The village is isolated from essential public amenities by a massive, treacherous rocky mountain ridge. To reach the nearest town, Wazirganj, for work or medical care, residents must embark on a perilous climb over the ridge or travel a grueling 55-kilometer detour around it. While heavily pregnant with their second child, Phaguniya climbs the steep mountain to bring Dashrath his lunch. She slips on the loose gravel, tumbling down the rocky face. A panicked Dashrath carries her bleeding body around the mountain to the hospital in Wazirganj, but the delay proves fatal; Phaguniya dies, though doctors manage to save their newborn daughter.

Devastated by grief and fueled by intense anger toward the mountain, Dashrath sells his livestock to purchase a hammer, a chisel, and crowbars. He vows to single-handedly carve a path through the ridge so no other villager faces the same tragedy. His neighbors, including his own father, mock his endeavor, branding him a lunatic. Undeterred, Dashrath begins his solitary, back-breaking labor.

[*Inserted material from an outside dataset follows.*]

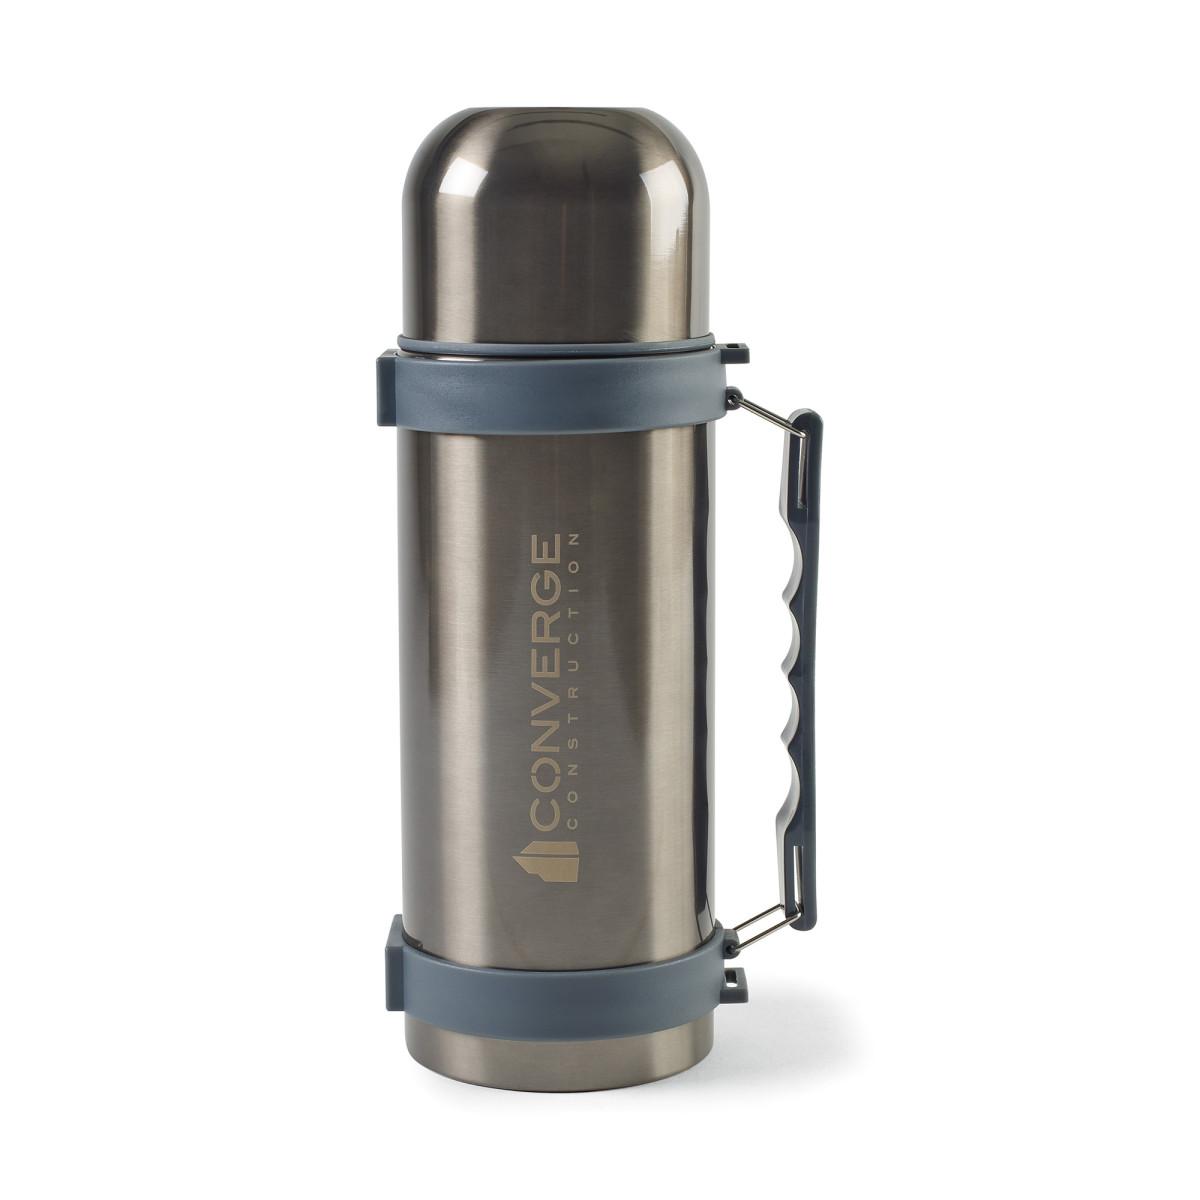 Aviana™Fallon Double Wall Stainless Beverage Bottle - 34 Oz. Grey-Black

Over the course of 22 years, Dashrath faces severe personal, environmental, and political hardships. A prolonged drought forces the villagers to abandon Gehlaur; Dashrath stays behind, drinking muddy water and eating leaves to survive while continuing to hammer the rock. He confronts systemic government corruption when he seeks financial support or tools, at one point walking more than 1,000 kilometers along railway tracks to New Delhi to meet Prime Minister Indira Gandhi, only to be turned away by corrupt bureaucrats. Back home, the local landlord and corrupt police officers threaten his life and try to claim the mountain area for illegal logging, but the community eventually rallies behind Dashrath's immovable resolve.

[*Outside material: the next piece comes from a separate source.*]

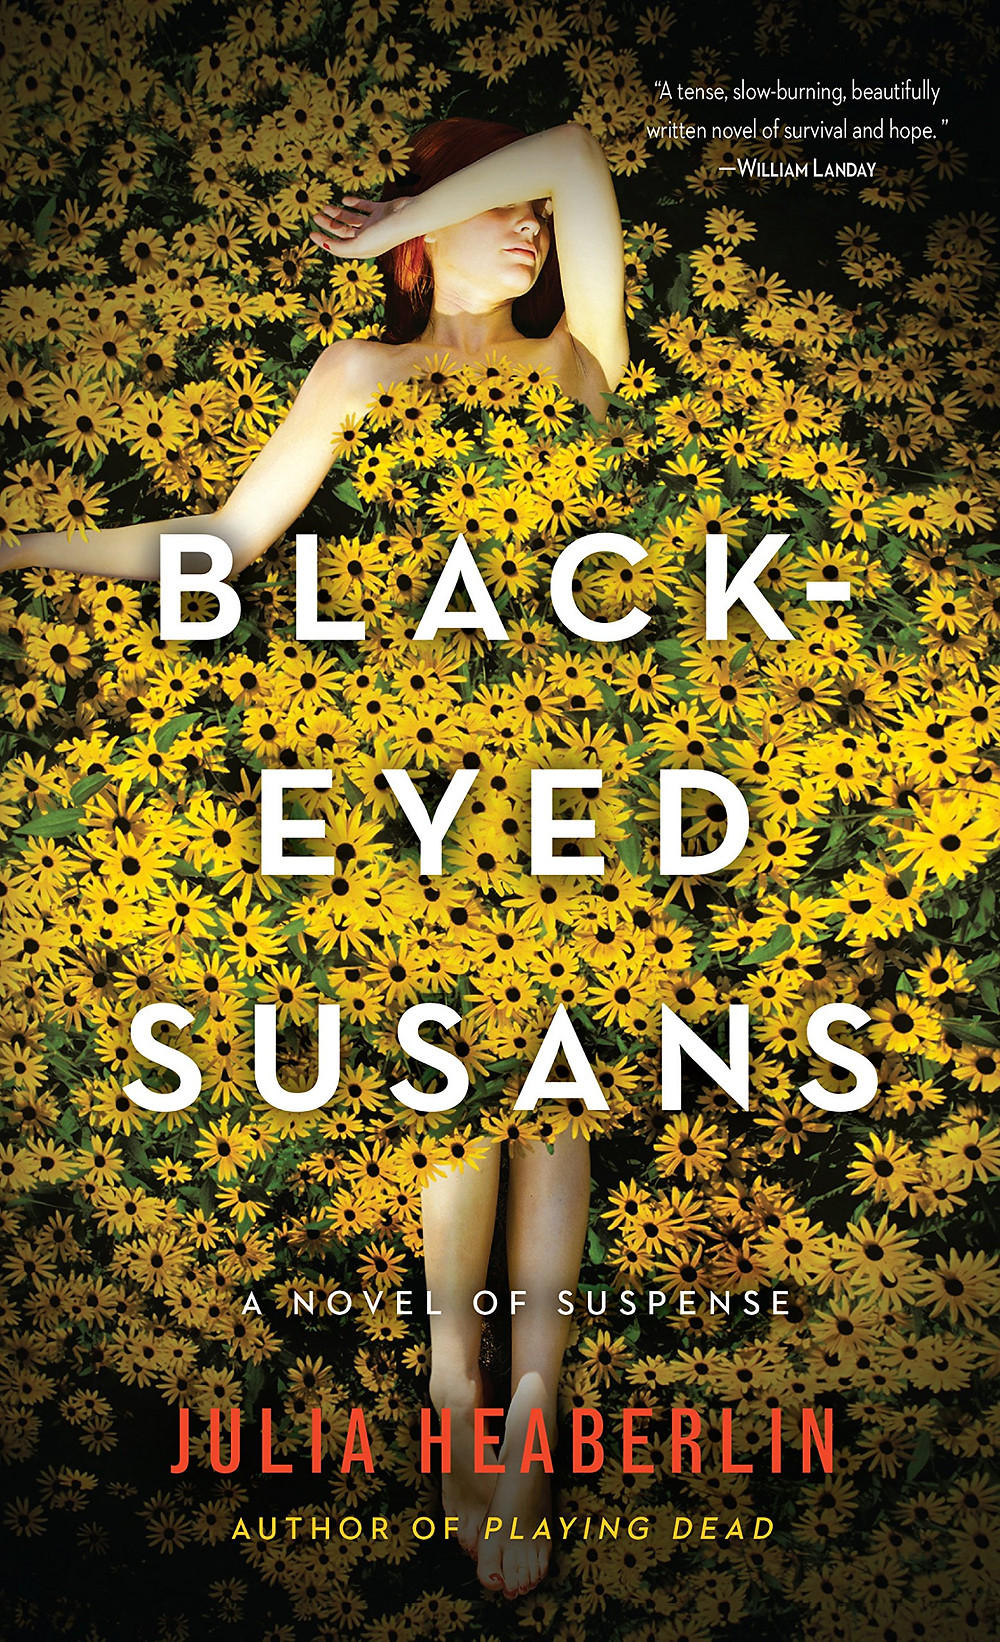 Black Eyed Susans, by Julia Heaberlin. Review by Barbara Copperthwaite

By 1982, Dashrath successfully cuts a path 360 feet long, 30 feet wide, and 25 feet deep directly through the ridge, reducing the travel distance between Gehlaur and Wazirganj from 55 kilometers to just 15 kilometers. Though he becomes a legendary figure, true institutional reform remains slow. Dashrath dies in 2007 from gallbladder cancer before witnessing the fully modernized outcome of his sacrifice.

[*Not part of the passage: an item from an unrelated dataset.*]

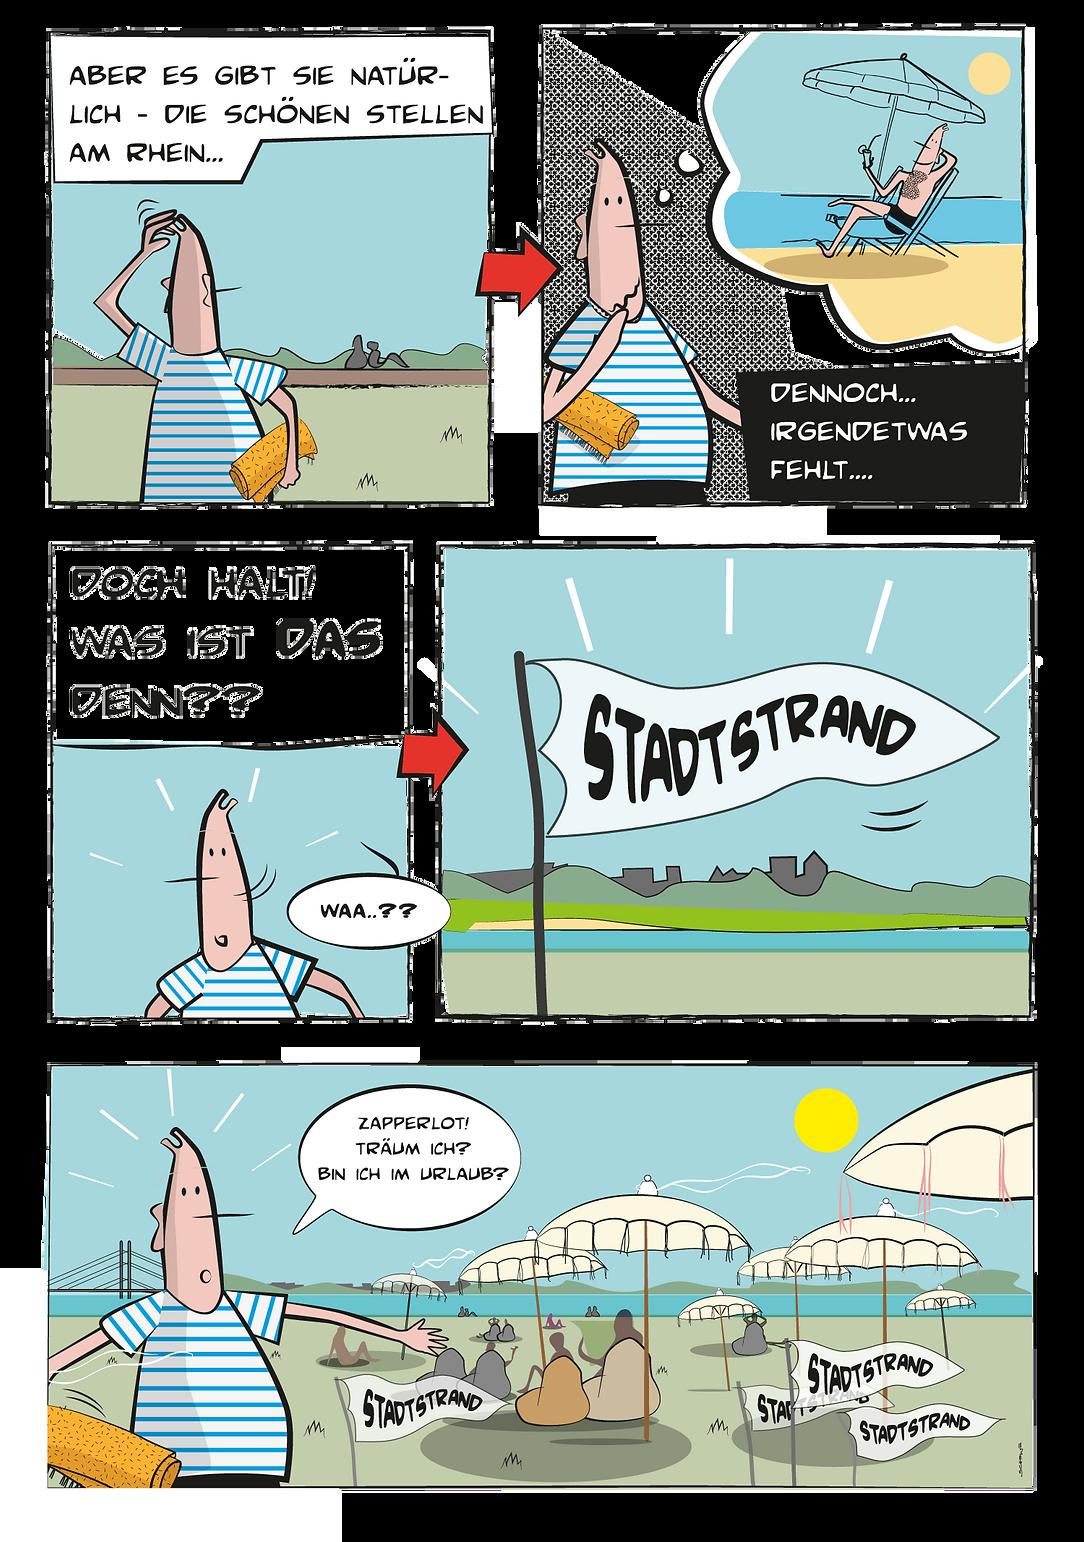 STADTSTRAND_COMIC_web-s4low.png

The film concludes with a poignant postscript stating that in 2011—52 years after Dashrath first struck the stone, 30 years after he finished his labor, and 4 years after his death—the state government finally laid a proper metalled road through his carved path, validating his lifelong struggle for his village's development.

== Cast ==
- Nawazuddin Siddiqui as Dashrath Manjhi
- Radhika Apte as Phaguniya-Dashrath's wife
- Sneha Pallavi as Phaguniya's Mother
- Tigmanshu Dhulia as Mukhiya (landlord)
- Pankaj Tripathi as Ruab (the landlord's son)
- Gaurav Dwivedi as Alok Jha (a journalist)
- Urmila Mahanta as Lauki
- Ashraful Haque as Magru-Dashrath's father
- Jagat Rawat as Shuklaji
- Varadraj Swami as Gopal's Father
- Deepa Sahi as Prime Minister Indira Gandhi
- Prashant Narayanan as Jhumru
- Rashaana Shah as Bhanwari

== Soundtrack ==

| No. | Title | Lyrics | Music | Singer(s) | Length |
|---|---|---|---|---|---|
| 1. | "Gehlore Ki Goriya" | Deepak Ramola | Sandesh Shandilya | Bhavin Shastri, Pavni Pandey | 3.40 |
| 2. | "O Rahi" | Ketan Mehta | Sandesh Shandilya | Bhavin Shastri | 4.42 |
| 3. | "Dum Kham" | Kumaar | Hitesh Sonik | Divya Kumar | 3.03 |
| Total length: |  |  |  |  | 10:45 |

== Critical reception ==
Sweta Kaushal of Hindustan Times termed the film an inspiring, touching tale of a common man and gave the film 4.5 stars out of 5. Saibal Chatterjee of NDTV gave the film 3 stars. Meena Iyer of Times of India gave it 3 stars. Bollywood Hungama gave it 2.5 stars. Shubhra Gupta of Indian Express gave it two stars.